Сломанная скрипка, искаженный звук, слова шиворот навыворот, прикушенный язык, усталость, протяжный вой. Разбитое самоощущение было истощающим и интенсивным. Ярким и блеклым одновременно. Появилось новое «мы» как «я и тоска», «я и сухость чресл», «я и пыль на моих книжных полках». В печали была своя прелесть, но в ней не было красоты. Одухотворенное соплежуйство.
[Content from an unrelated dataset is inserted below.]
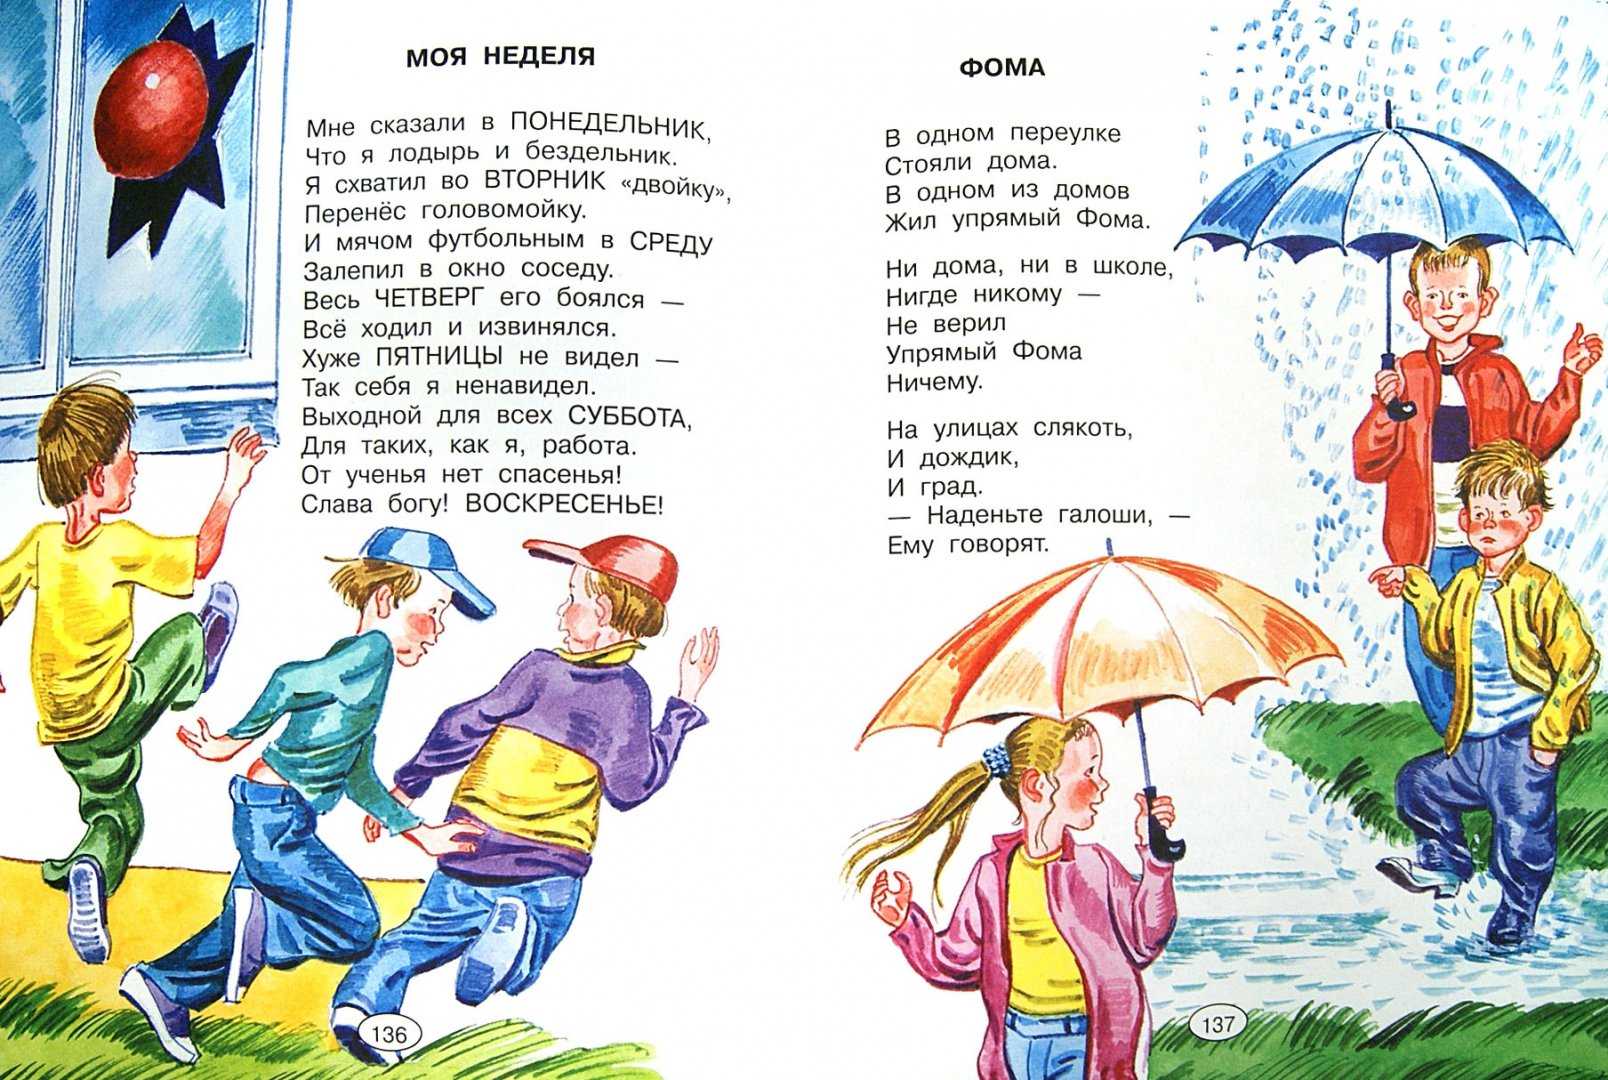 Чем интересны произведения михалкова для детей. какие произведения написал михалков сергей владимирович для детей — полный список с названиями и описаниями
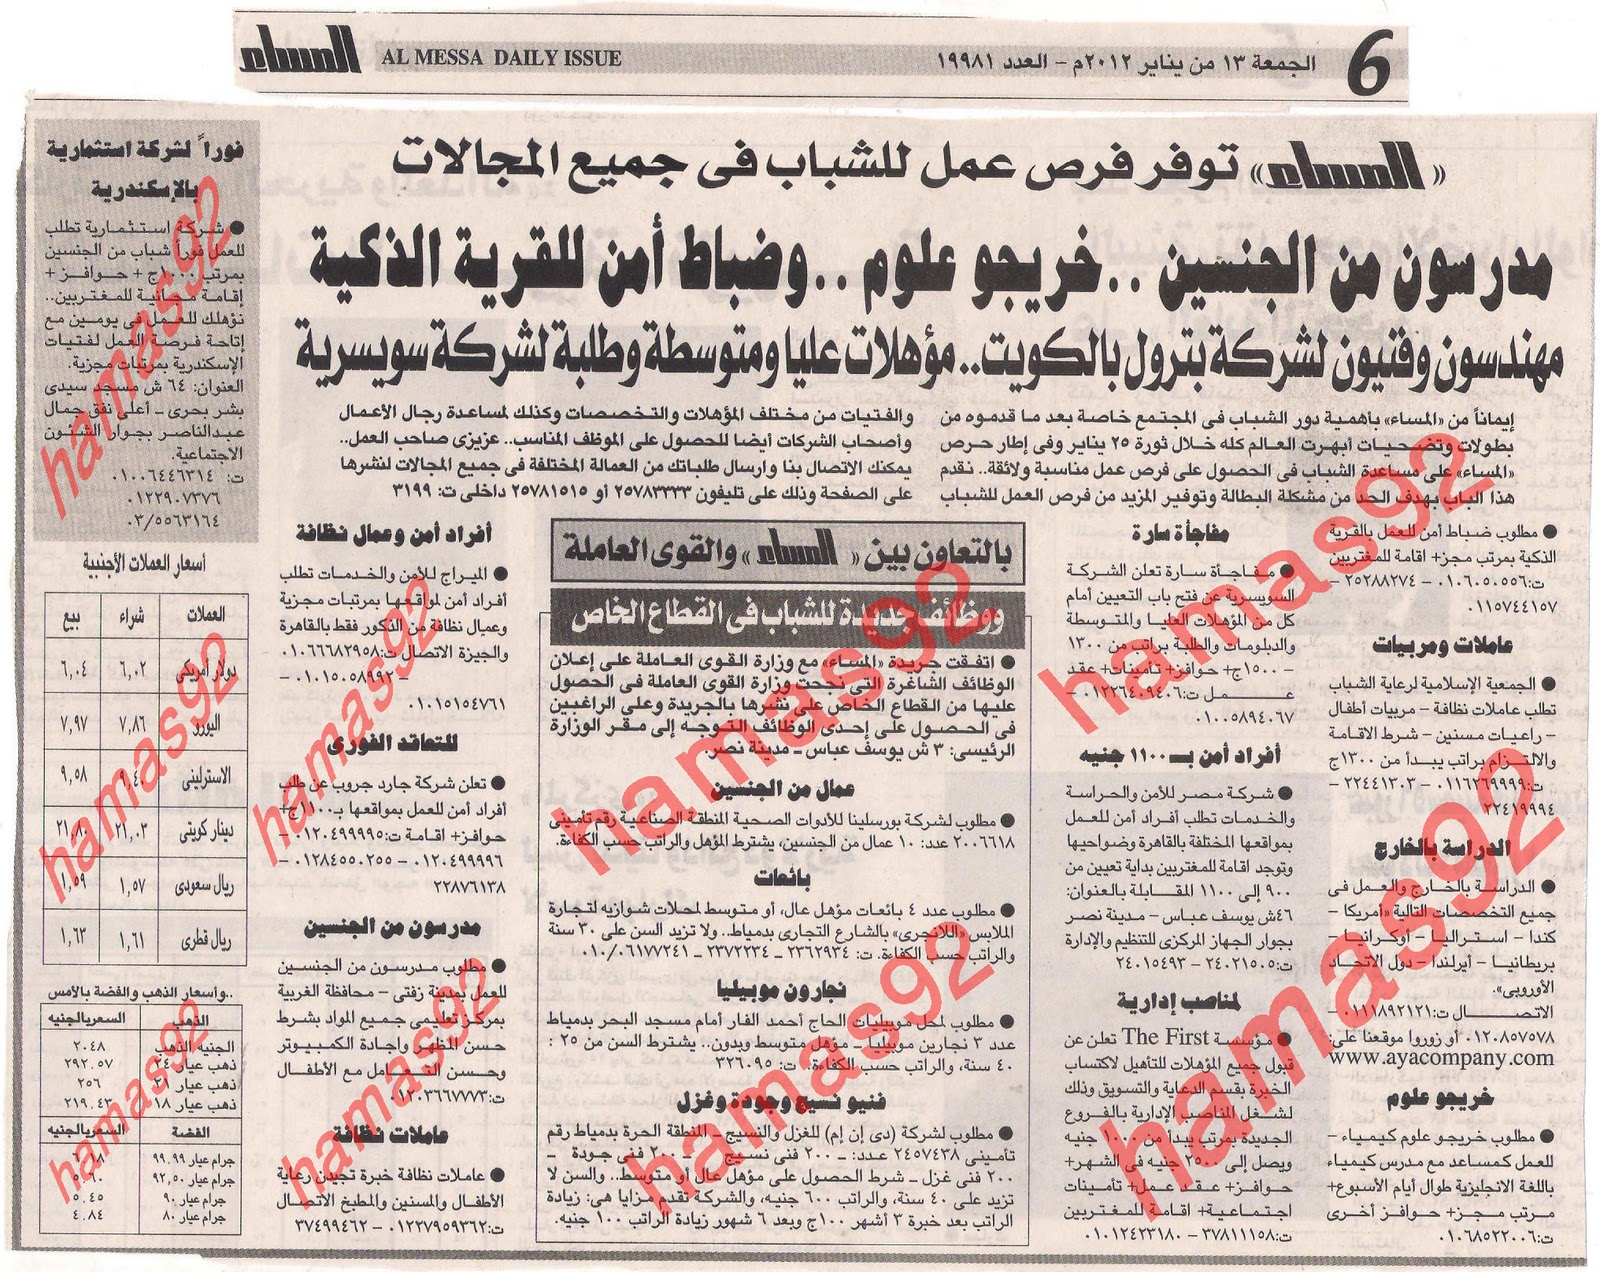 اعلانات وظائف خالية من جريدة المساء الجمعة 13 يناير 2012  Picture+018

Оглядываясь на прошлое, Чанбин понимает, что все было лишено красок. Один лишь траур и жизнь под траурной вуалью. Он начал воспринимать красоту как Альму Малер. Как «Невесту ветра» Оскара Кокошки. Чанбин хотел бы написать свою жизнь как безумный шедевр, но все казалось жутким расточительством. Трата времени, трата слов, трата сил. Не сближаться с кем-то не было действием целенаправленным, но Чанбин не казался привлекательным. Он думал о себе как о разменной монете. Смирившись с положением, он просто жил. Не корил себя и не обязывал. Существовал под волной сатина и меланхолии. Читал книги и пытался понять, чувствовали ли другие творцы то же самое.
Чувство прекрасного потеряло дар речи. Онемев, оно, «муза, модель, сестра, святая, шлюха, любимая», зачахло и из объекта вожделенного превратилось в пережиток античности.
Когда Феликс возвращается, Чанбин бежит к нему. Бежит, потеет и задыхается. Он ловит Феликса в объятия и сжимает так сильно, что Феликс начинает кряхтеть. Ощущение, будто солнце взошло, и воздух еще свеж и прохладен, и новый день не предвещает эпохи страданий. Все так хорошо, юно и цело. Феликс смеется. Громко и звонко. Это сцена, изображающая целое человечество. Чанбин так по нему скучал.
В тот вечер они напиваются. Жутко напиваются, не в ритме вальса. Пока Чан не приехал, Феликс торопится рассказать все и обо всем: о новой музыке, о «Лете 1913», о том, что их балетная труппа будет выступать, и это чудо, что они с Хенджином до сих пор пытаются быть рядом и держаться вместе.
А потом он остался наедине с собой. В тихой комнате что-то ощущалось реальным, что-то — иллюзией с пьяной головы. Он лег спать голодным, по макушку накрывшись одеялом.
В первый раз он не купил цветы, но не пришел с пустыми руками: в них были волнение, дрожь, неуверенность. Какое-то убогое тошнотворное чувство в животе. Желудок был сжат в кулаке необъяснимой тревоги. Чанбин только поправил очки и позволил Чану вести себя в зал, к их местам. Признание нежелания теплилось внутри как желчь. Казалось, Чанбина вот-вот вырвет. Вывернет наизнанку. А потом, среди рвоты, он сможет понять причину своего состояния.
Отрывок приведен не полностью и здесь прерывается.